___ Exercise materials

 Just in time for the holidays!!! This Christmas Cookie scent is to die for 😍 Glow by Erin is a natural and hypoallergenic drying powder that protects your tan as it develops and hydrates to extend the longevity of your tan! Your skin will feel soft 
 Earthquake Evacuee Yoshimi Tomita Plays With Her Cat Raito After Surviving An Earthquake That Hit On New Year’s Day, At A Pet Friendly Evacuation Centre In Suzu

______
___ Exercise materials

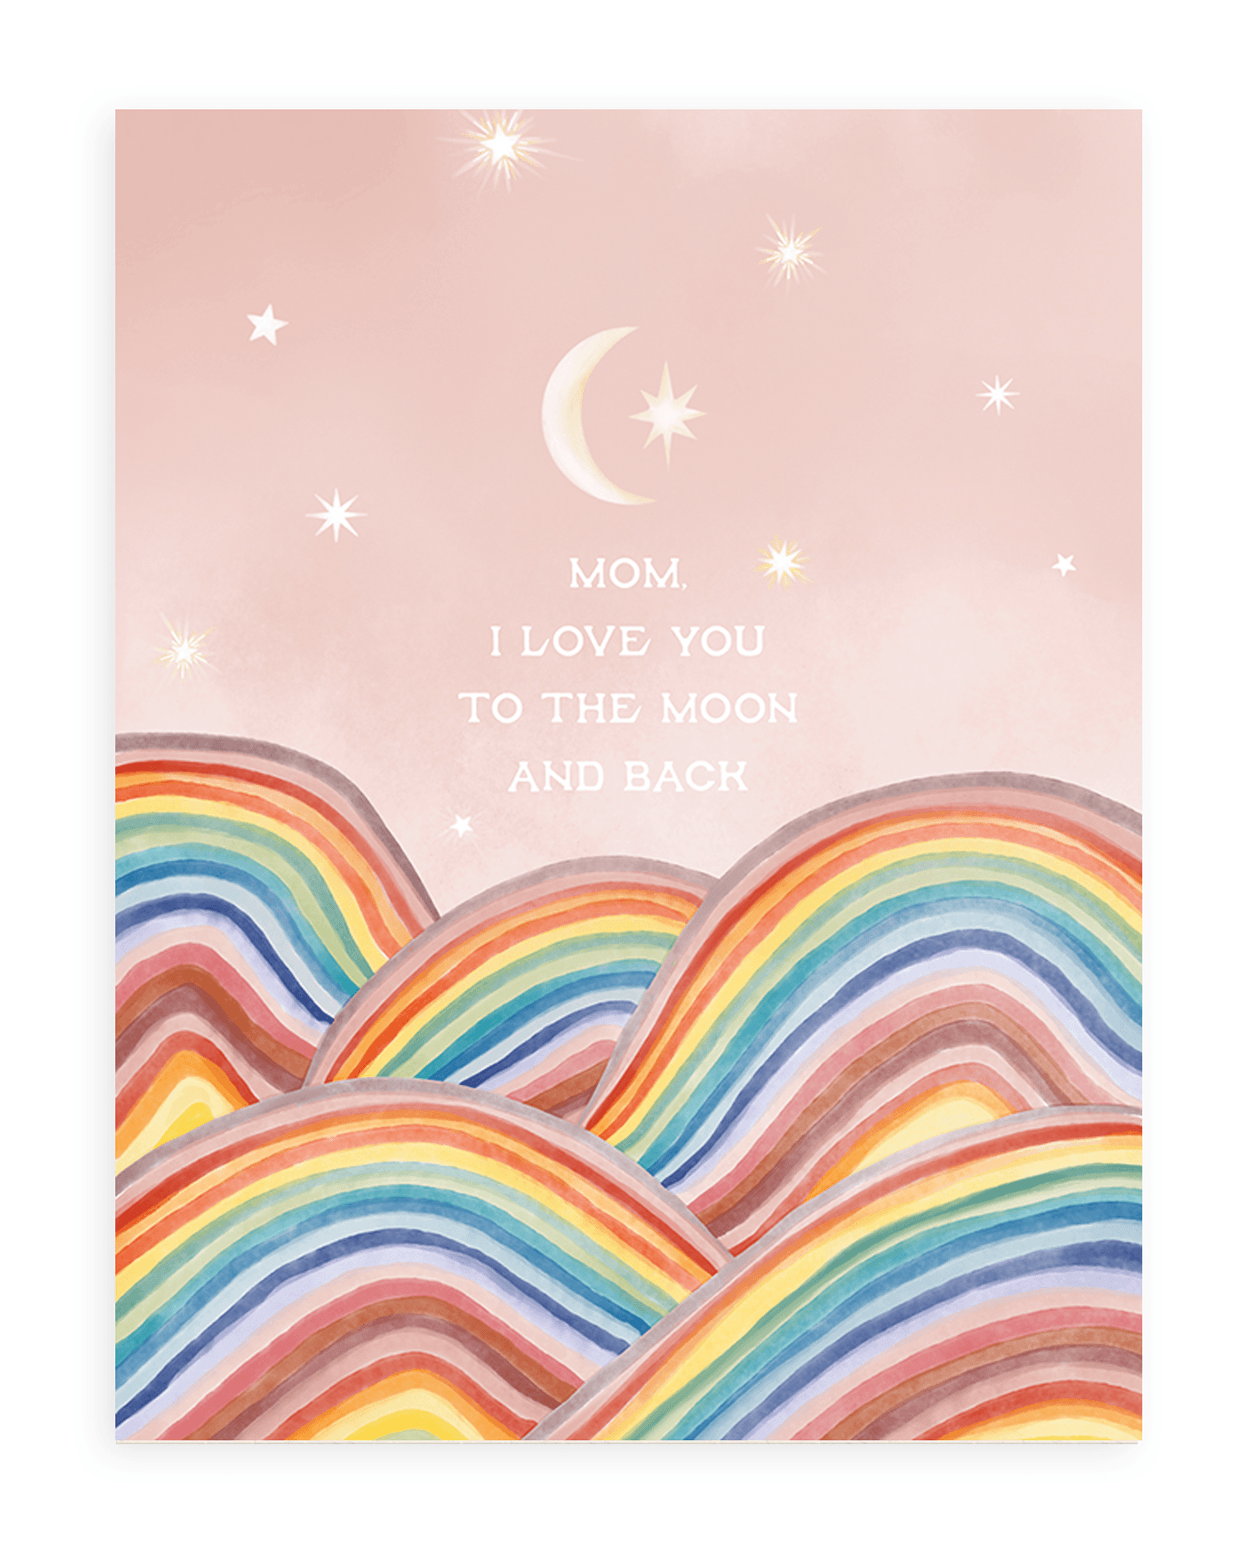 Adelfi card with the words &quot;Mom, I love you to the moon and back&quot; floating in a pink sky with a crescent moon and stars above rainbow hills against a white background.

______

(Exercise objective) In the data above, start at the line that has "Just in time", stop after the line that has "Earthquake Evacuee Yoshimi", and print every line in between exactly as it stands.

(Answer section)
 Just in time for the holidays!!! This Christmas Cookie scent is to die for 😍 Glow by Erin is a natural and hypoallergenic drying powder that protects your tan as it develops and hydrates to extend the longevity of your tan! Your skin will feel soft 
 Earthquake Evacuee Yoshimi Tomita Plays With Her Cat Raito After Surviving An Earthquake That Hit On New Year’s Day, At A Pet Friendly Evacuation Centre In Suzu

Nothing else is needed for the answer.